这个笑是牙露出来的,微张着嘴,带着一点宠溺。

一个母亲纠正小孩时才会用的那种语气。

但电话那头不是小孩。

对面是另一个人。

一个她不想吵到的人,一个她怕他碰倒了东西的人。

然后安静了片刻,听筒里传来很轻的背景音。

水龙头的声音,还是电视的声音,说不好,很闷,被什么东西盖住了。

接着是一个低沉的声音。

不是完整的句子,只有一个音节,可能是嗯,也可能是哦。

男声。

和对面那个人之间的距离非常近。

不是隔着一张桌子。

是肩膀贴着肩膀,或者更近。

母亲的身体侧过去了一点,他能听到她的呼吸从鼻腔里出来的时候被什么东西挡了一下。

她的手可能挡在话筒上了。

也可能不是手。

然后她又说话了。

音量恢复了正常,但语调没变,还是那种带着笑的。

那个笑从门缝里漏出来,又从电话那头漏过来,双重暴露。

她不知道自己声音的每一个褶皱都在说同一件事,我旁边有人。

他放下书。

从床上坐起来。

走到门边,把耳朵贴近门缝。

她的笑声还在他耳朵里。

他从来没听过她用这种声音对父亲说话。

父亲打电话回来,她会接,她会听,她会说嗯,她会说吃了。

那些嗯是平的,那些句子有主谓宾,是妻子应该对丈夫说的话。

但今晚客厅里的声音没有主谓宾,只有语气词和气音。

这些碎片拼在一起,拼出的是另一个女人。

不是妻子,不是母亲。

是一个他从来没见过的人。

电话挂了。

客厅安静了几秒。

拖鞋踩过地板的声音,她的脚后跟先着地还是前脚掌先着地,他听得出来,是前脚掌。

她走路从来不发出很大的声音。

他小时候说她像只猫,她笑着说哪有那么大的猫。

林屿等了一会儿,推开门走出去倒水。

客厅只开了一盏落地灯。

光线是那种带点橘色的暖黄,把沙发区域圈在光晕里,其他地方都是半暗的。

母亲坐在沙发上,手机搁在茶几上,屏幕朝下。

她靠着沙发背,双腿蜷起来缩在靠垫旁边,是一种放松的、不设防的姿势。

膝盖曲着,脚踝交叉,光着脚。

脚趾甲涂了一层透明的指甲油,她只有心情好的时候才会涂。

脚背的皮肤很白,有几条很浅的青色血管在皮肤下面隐约可见。

她的脚踝很细,是那种骨架小的女人特有的细,踝骨突出,外侧的肌腱在放松的时候微微鼓起。

她身上穿的还是那件蓝色的丝质家居服。

V领歪到一边,露出左边锁骨和大半片肩膀。

灯光打在锁骨下方的皮肤上,那颗浅褐色的小痣在左边锁骨往下两指的位置。

灯光下颜色比白天浅了一些,但位置没变。

永远是左边,永远是往下两指。

他小时候数过。

从左锁骨的正中间往下摸,第一指,皮肤。

第二指,痣。

每次都是。

分毫不差。

锁骨往下是胸口的曲线。

丝质面料贴着皮肤滑下去,毫无阻碍地勾勒出胸前隆起的弧度,在锁骨下方先是微微鼓起,然后往中间汇拢,形成一道柔和的阴影。

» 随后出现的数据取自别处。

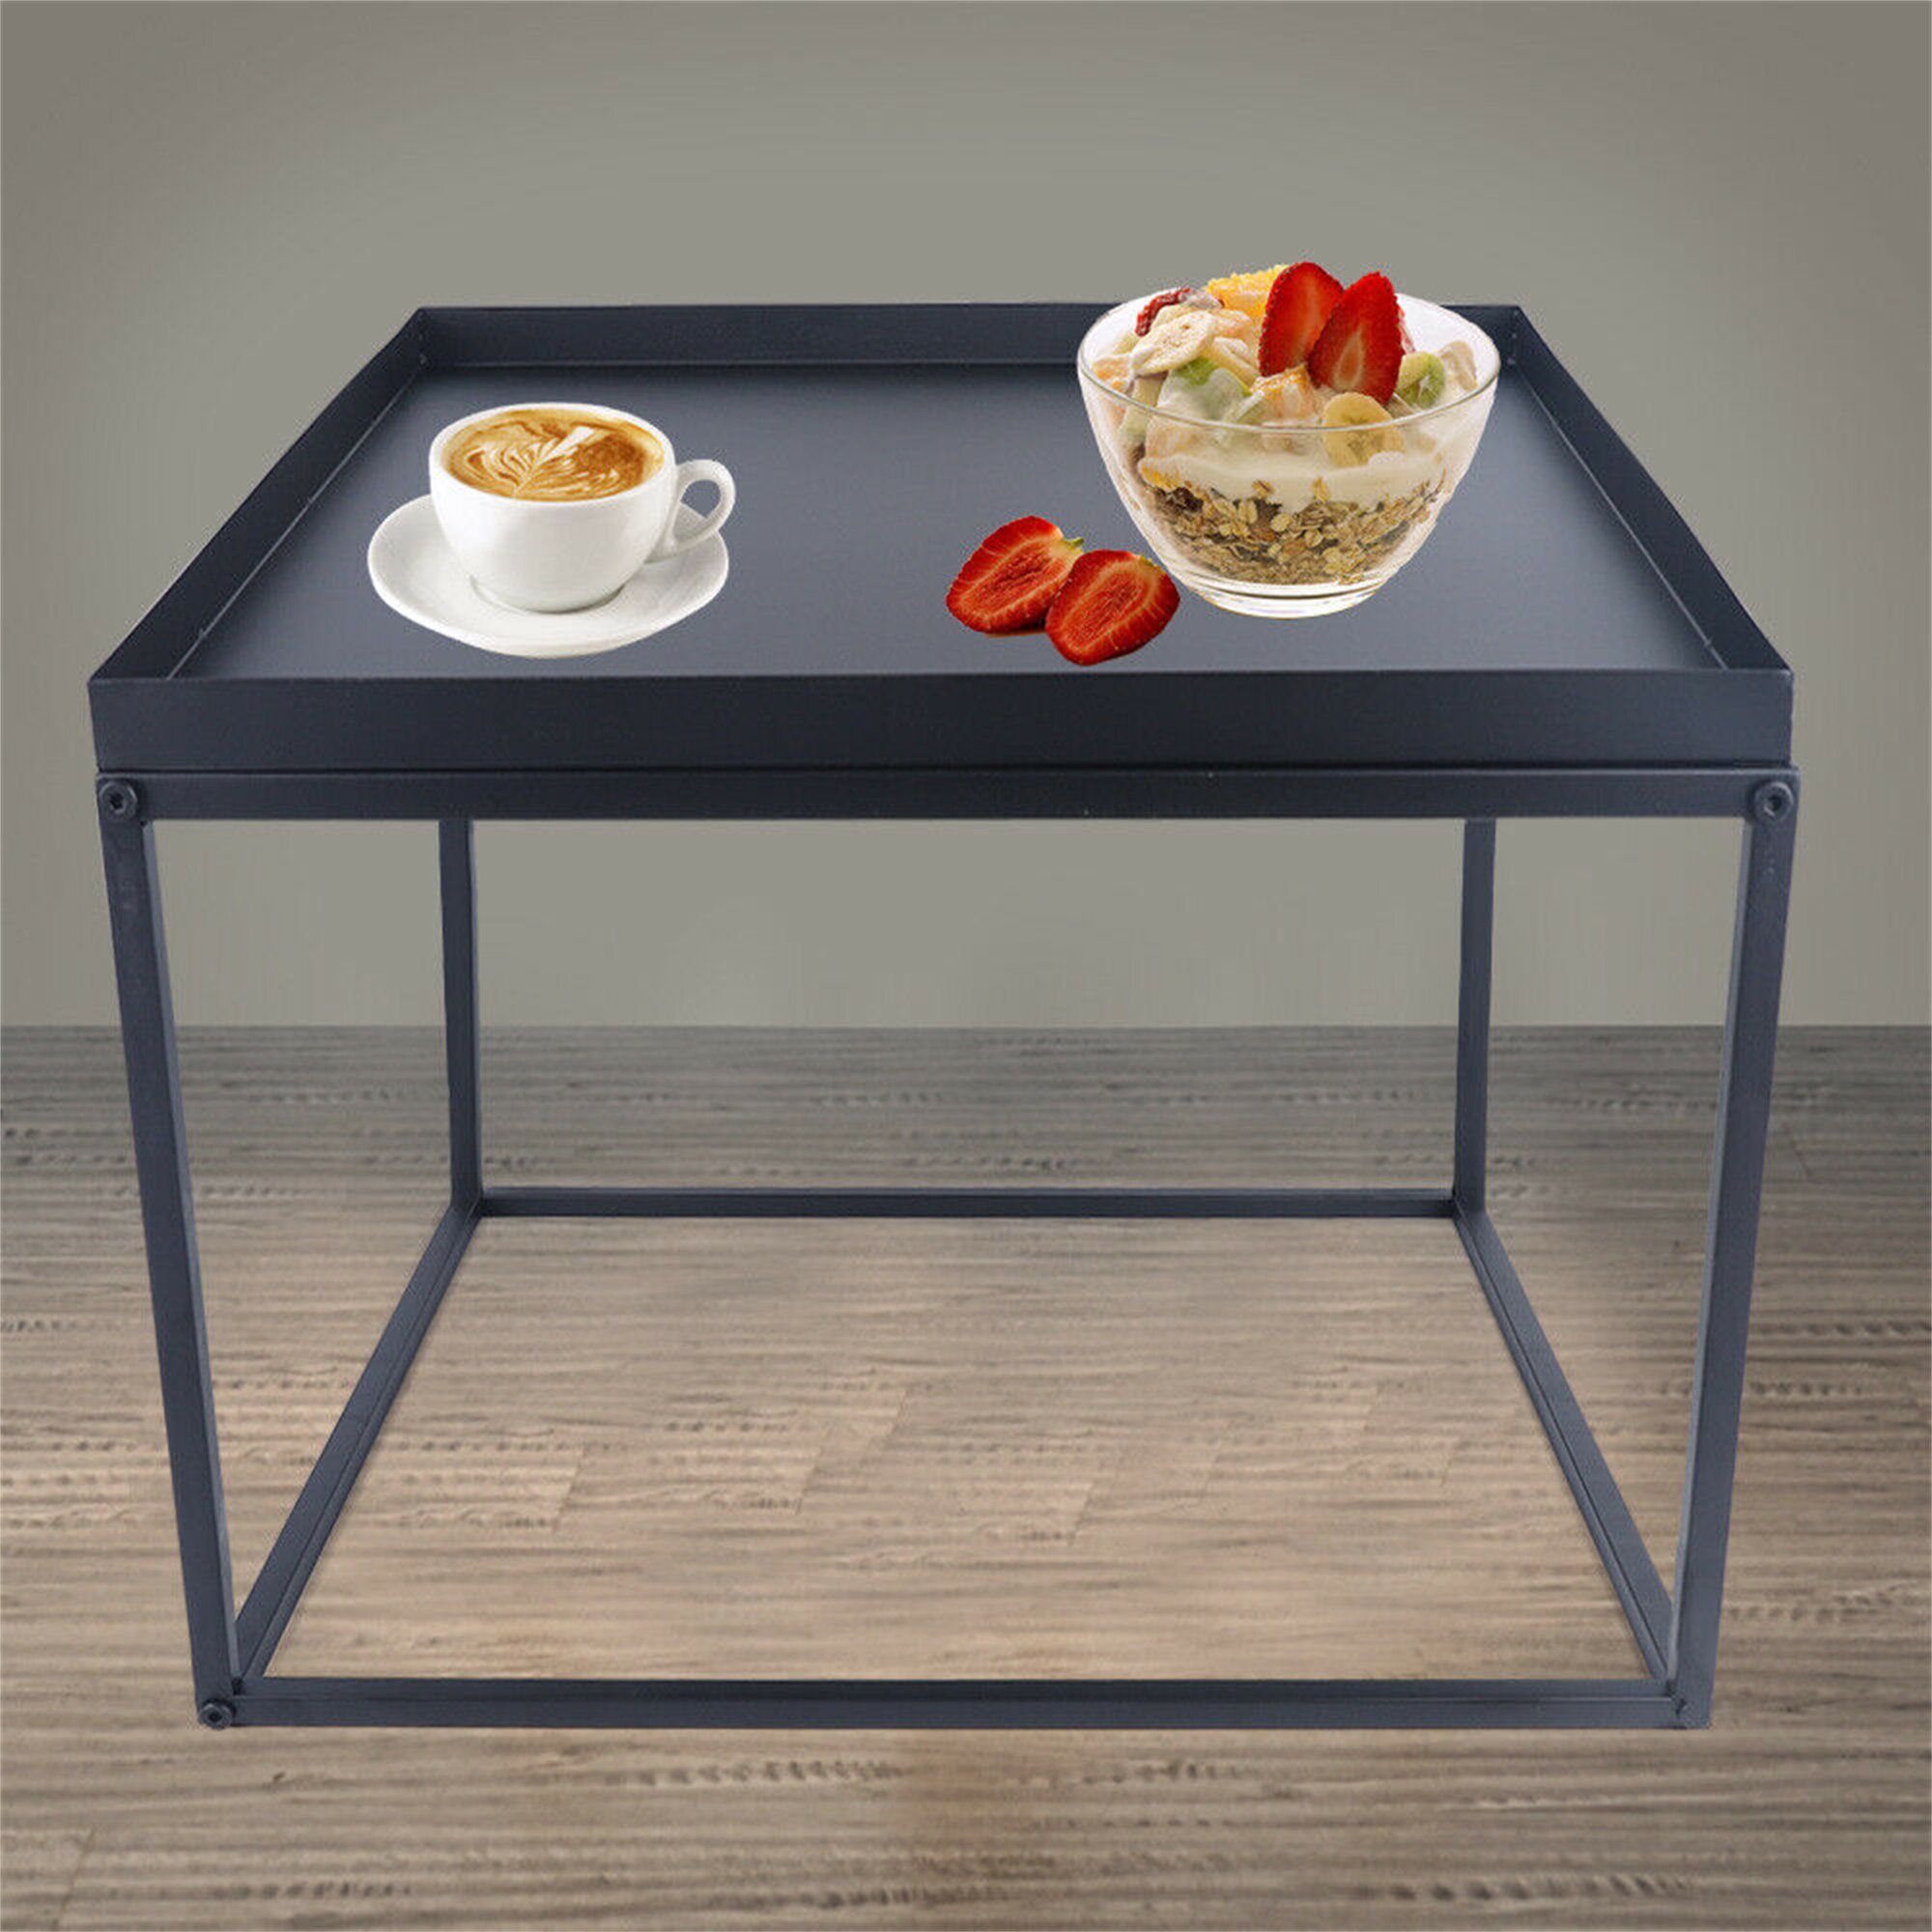 17 Stories Modern Matte Metal Square Tray Coffee Table Side Table (black) |  Wayfair Intended For Matte Coffee Tables (View 16 of 20)
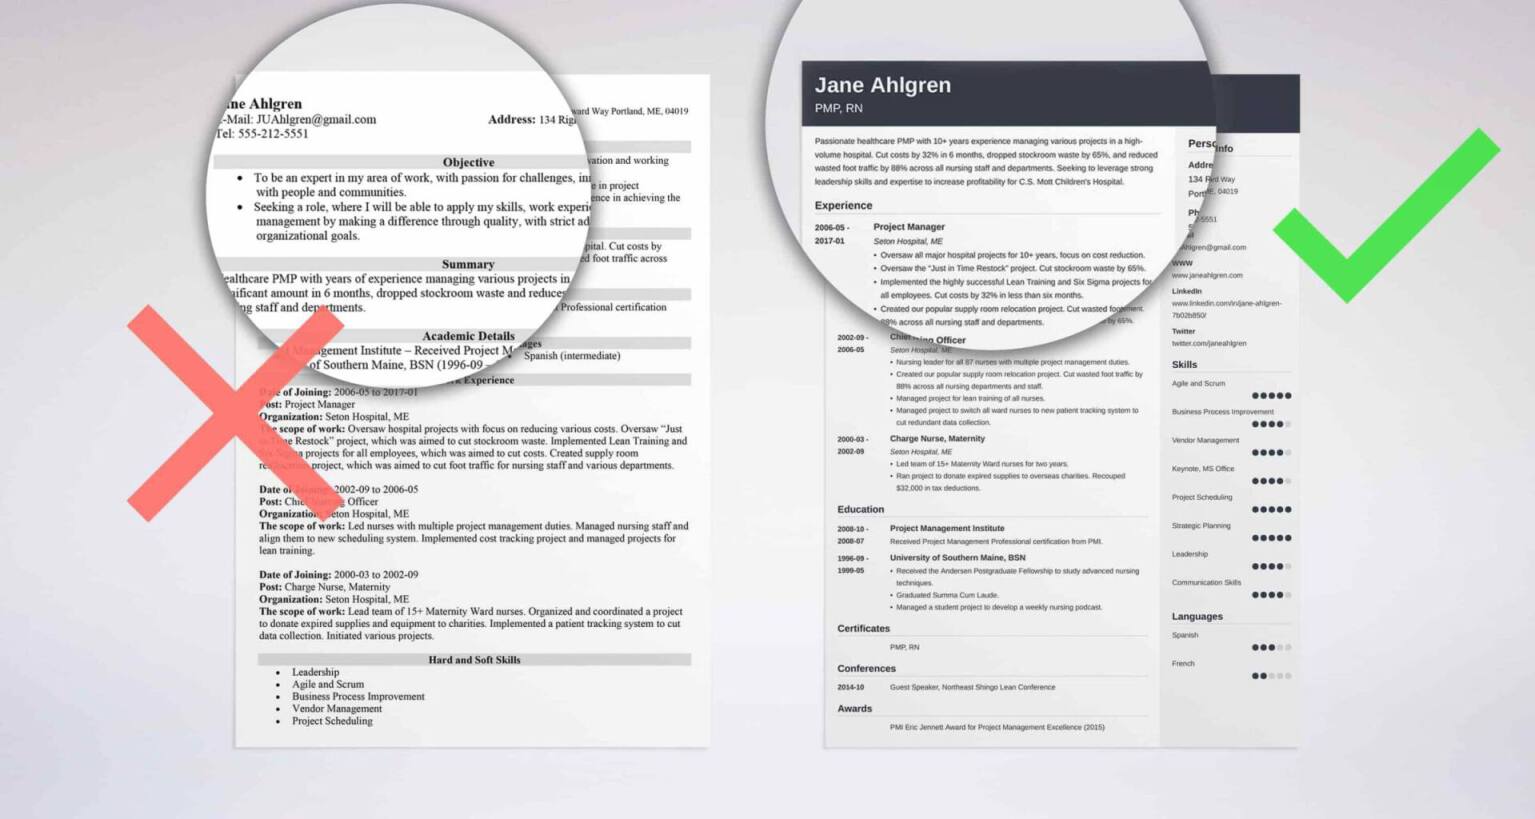 Resume overview examples - myteboard

家居服的领口已经歪到了极限,再往下偏一点就会露出更多,但她没有拉。

她整个人的状态是松的,从肩膀到腰到蜷在沙发上的腿,每一块肌肉都卸掉了力气。

她的胸部在放松状态下微微往两侧散开,在丝质面料下形成一个比平时更柔和、更宽展的轮廓。

她的眼神有点空,看着茶几上的某个地方。

不是手机,是手机旁边的那个位置。

那个位置原来放过第一张房卡。

他不知道她在看什么。

也许什么都没看,只是打完电话后整个人放松下来的空白。

也许是在想刚才那个笑,那个他从门缝里听到的不到一秒的笑。

也许在想周四,老时间,那个男人。

她看见他出来,把腿从沙发上放下来。

脚踩在地板上。

从一个人的姿势换成另一个人的姿势。

从刚才电话那头那个笑出声的女人,换成沙发上的母亲。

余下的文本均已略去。